Ирина повесила трубку и без сил опустилась на стул.

«Что же это такое? Я готова помогать Агнессе Васильевне, мне приятно угощать Антона, но кормить еще и Наталью Федоровну!.. Это уже не альтруизм, а … дебелизм какой-то! Такой же, как развлекать десять лет своими письмами Майку. Впрочем, я и сама все эти годы развлекалась. Вместо того, чтобы делать что-то стоящее. Зачем, для чего я участвовала в чужой жизни, а не строила свою? Наверное, так было проще. Создавать свой мир всегда труднее, чем включаться в уже готовую систему взаимоотношений.
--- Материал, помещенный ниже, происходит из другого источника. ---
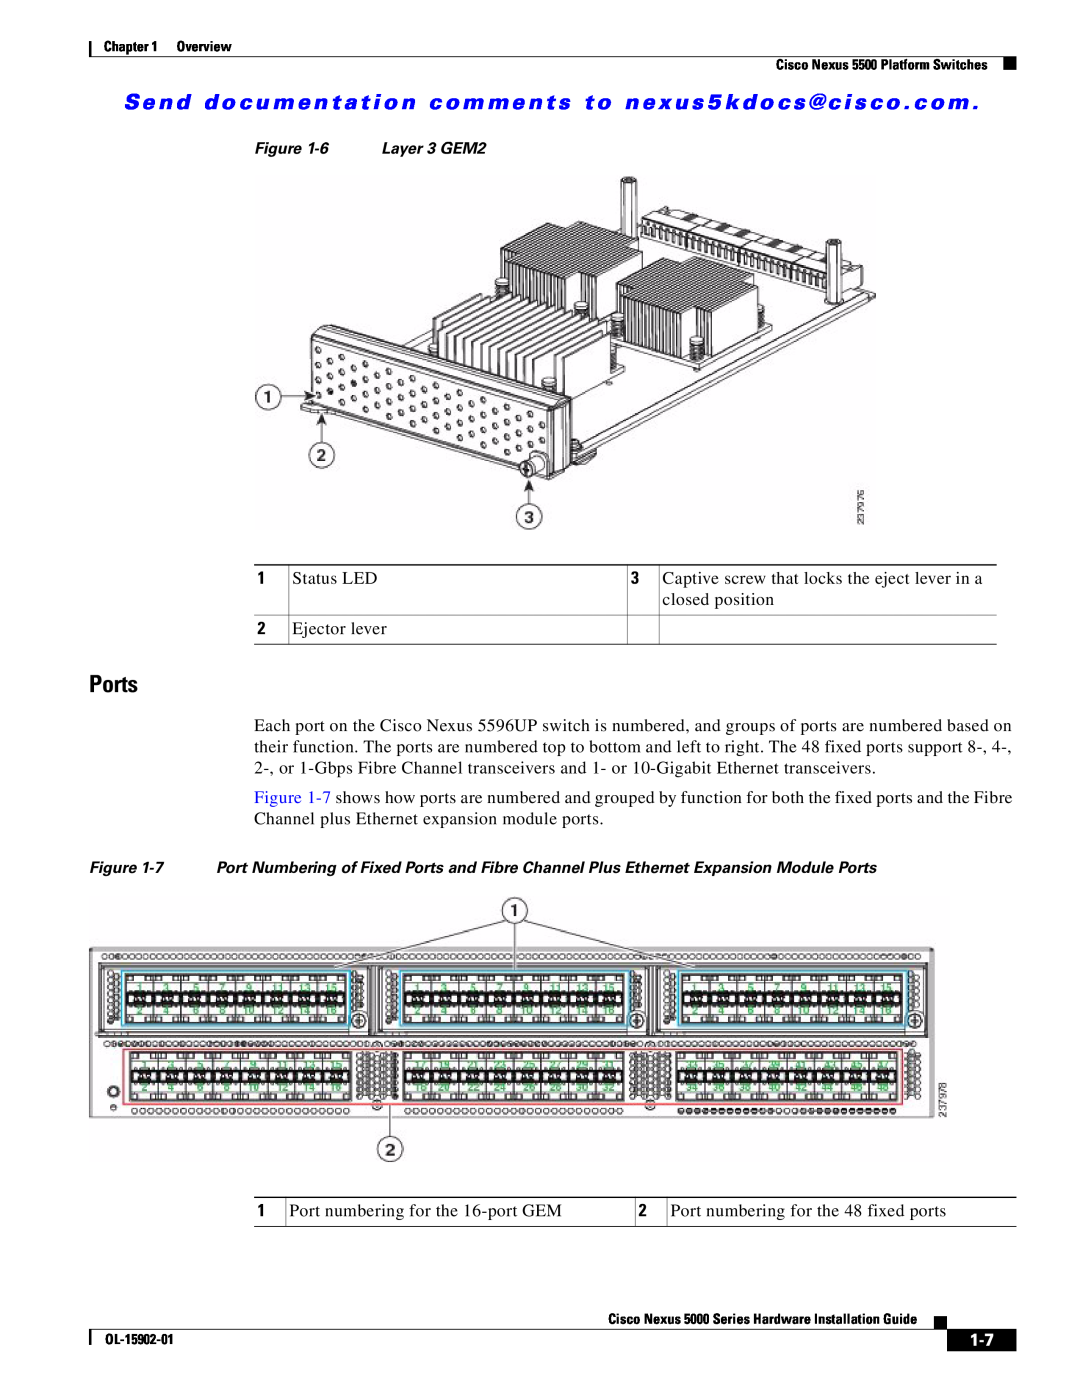 Cisco Systems 5000 manual Ports, Layer 3 GEM2 
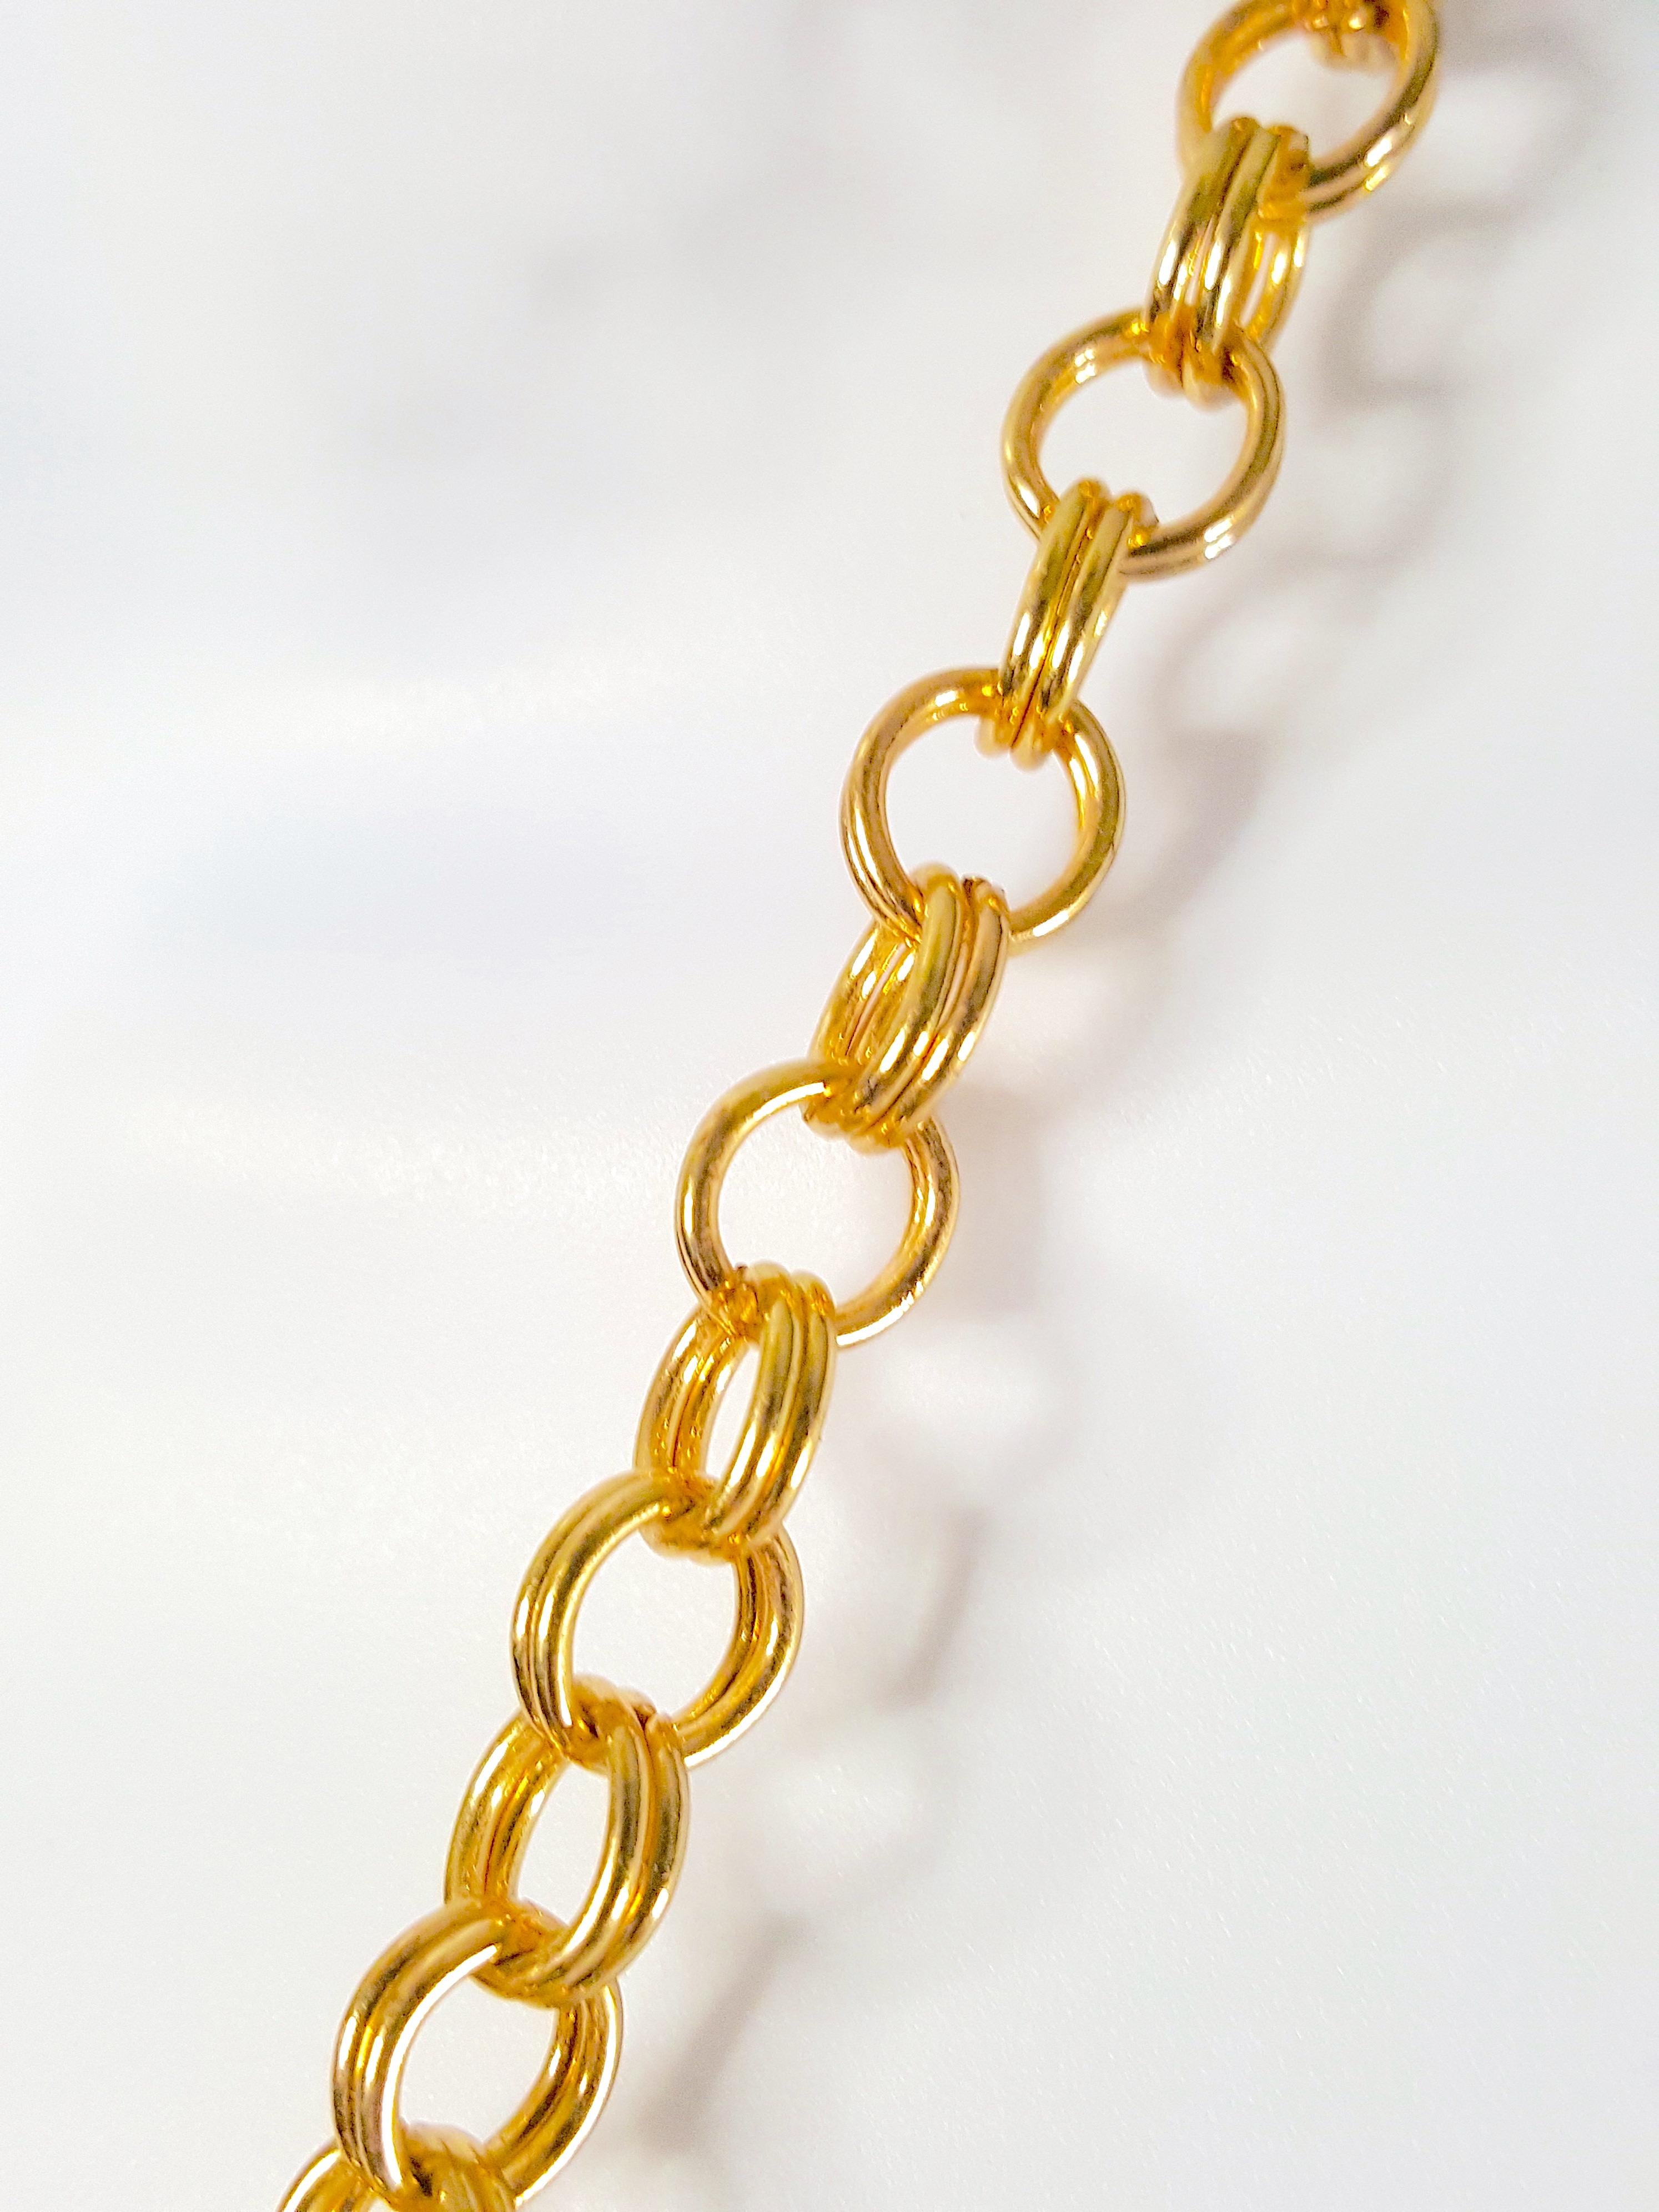 Bakelite 1930s German ArtDeco GoldRinged EmeraldBallPendants ChainLink Necklace For Sale 1

Нет, вообще-то я их всех жалела: и мужчин, и их жен, и их мам… Казалось: стану для всех хорошей, и очередной принц просто не сможет не пасть к моим ногам. А принцам было удобно и приятно для мужского самолюбия иметь под рукой помимо жены еще и самоотверженную подружку. Я привыкла к своей невезучести и привычно поругивала злодейку-судьбу, каждый раз наступая на те же грабли. Надо немедленно разорвать этот порочный круг, пока собственная жизнь не пронеслась мимо и не рухнула вниз, как Ниагарский Водопад! Глупая волчица погибнет во время облавы, а умная прыгнет за флажки. Я прыгаю!»

Ирина случайно увидела свою раскрасневшуюся решительную физиономию в зеркале и расхохоталась. Что за шекспировские страсти она сейчас накрутила!